I crept across the camp, and found a narrow stream running through the pines, a little beyond the tents. I wondered if I should follow this stream which would perhaps find a river course between the slopes of the dark mountains beyond the trees, a course which would guide me, not toward Eshkprek, but ultimately south, toward the unknown sea. Nothing, after all, bound me here.

I took half a step, and an unseen wall seemed to block my path. I do not know what it was, prescience, perhaps, perhaps only a desire for whatever security I could find, however precarious. I shook my head, as if to the stream and the road it might offer, and turned back into the krarl.

I found out soon enough what my duties were.

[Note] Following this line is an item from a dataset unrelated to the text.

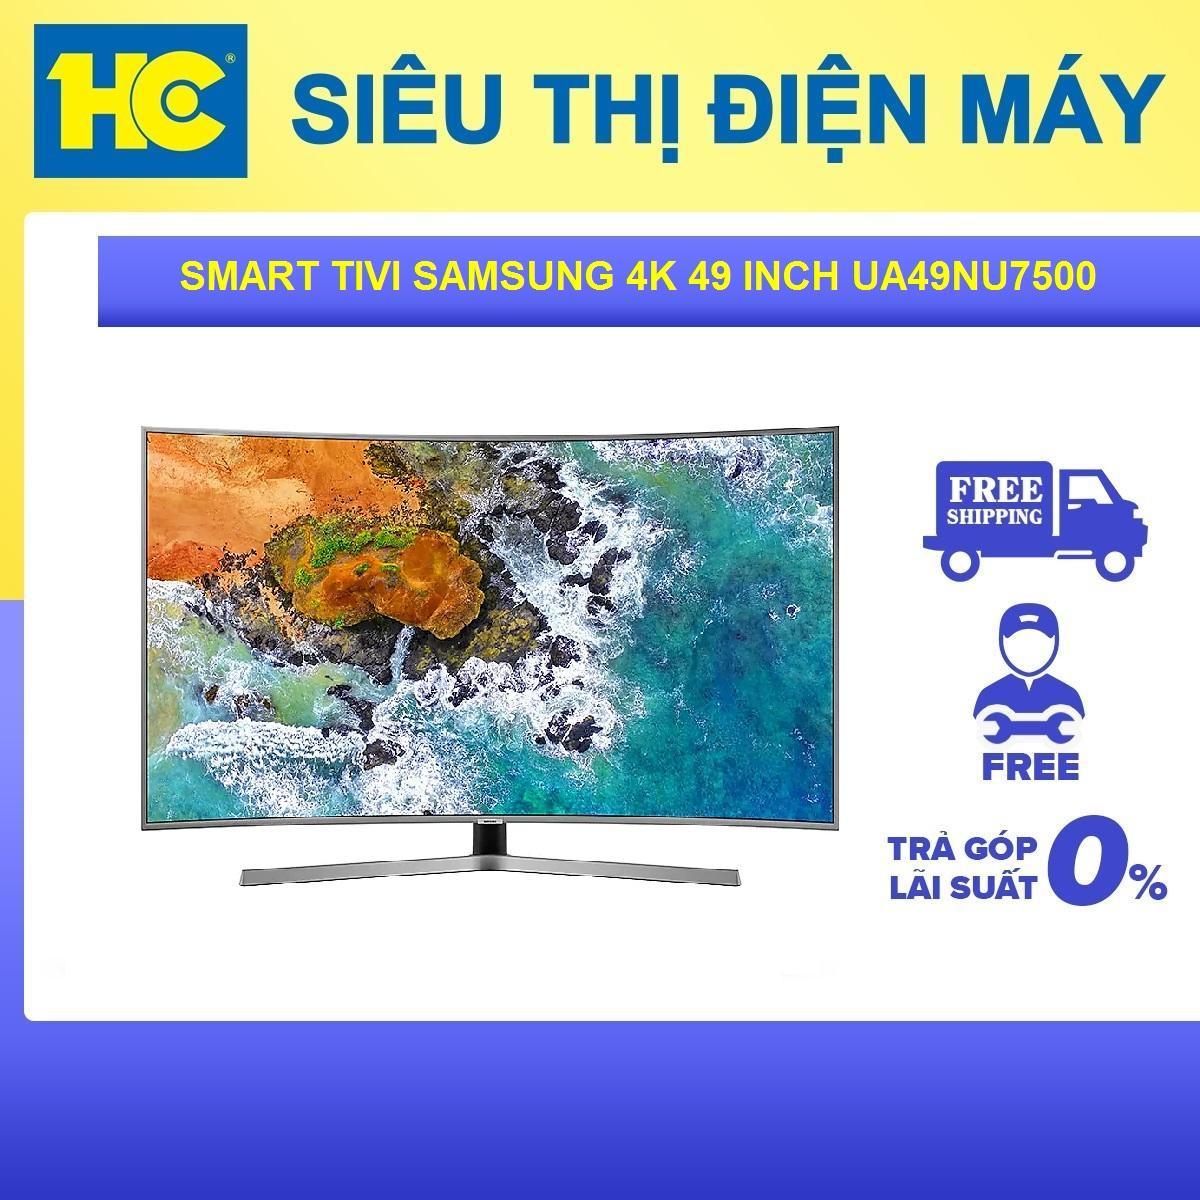 Bảng giá Smart Tivi Samsung 49 inch 4K UA49NU7500KXXV - Bảo hành 2 năm - Miễn phí vận chuyển & lắp đặt - hỗ trợ trả góp

I had sat down in the dust near Kotta’s tent, puzzling a little over the blocked path at the stream, when the women called out their men and children to eat around the fire-pit Not for them that first meal abed, which was Ettook’s right, and Seel’s too, presumably. I was roused to action by one of the krarl warriors, who dragged me to my feet, and cuffed me on the ear for sitting idle, and soon a thin woman, more anxious than unfriendly, recruited me to serve the men and boys their food, with all the other women. This took a while, and not once did the females of the camp eat, sit, or even stand still in the male presence. It was tradition with them, but they were more enslaved than the Dark People. Even I was less of a slave, for rebellion had stirred in me at last, and though I could do nothing about my lot, I did not accept it. The krarl women, even their little girls, did so wholeheartedly and without question; even Seel’s daughter, who ministered with the rest. When the men were done, they got to their feet, wiping their mouths, not glancing at their servitors, and went about their mens’ business: preparations for a hunt (for these ate meat, when they could get it), sharpening of knives, grooming of horses, and general important talk and discussion, not to be let slip into our ears. The boys slouched after in imitation. Their male glory began early, it seemed.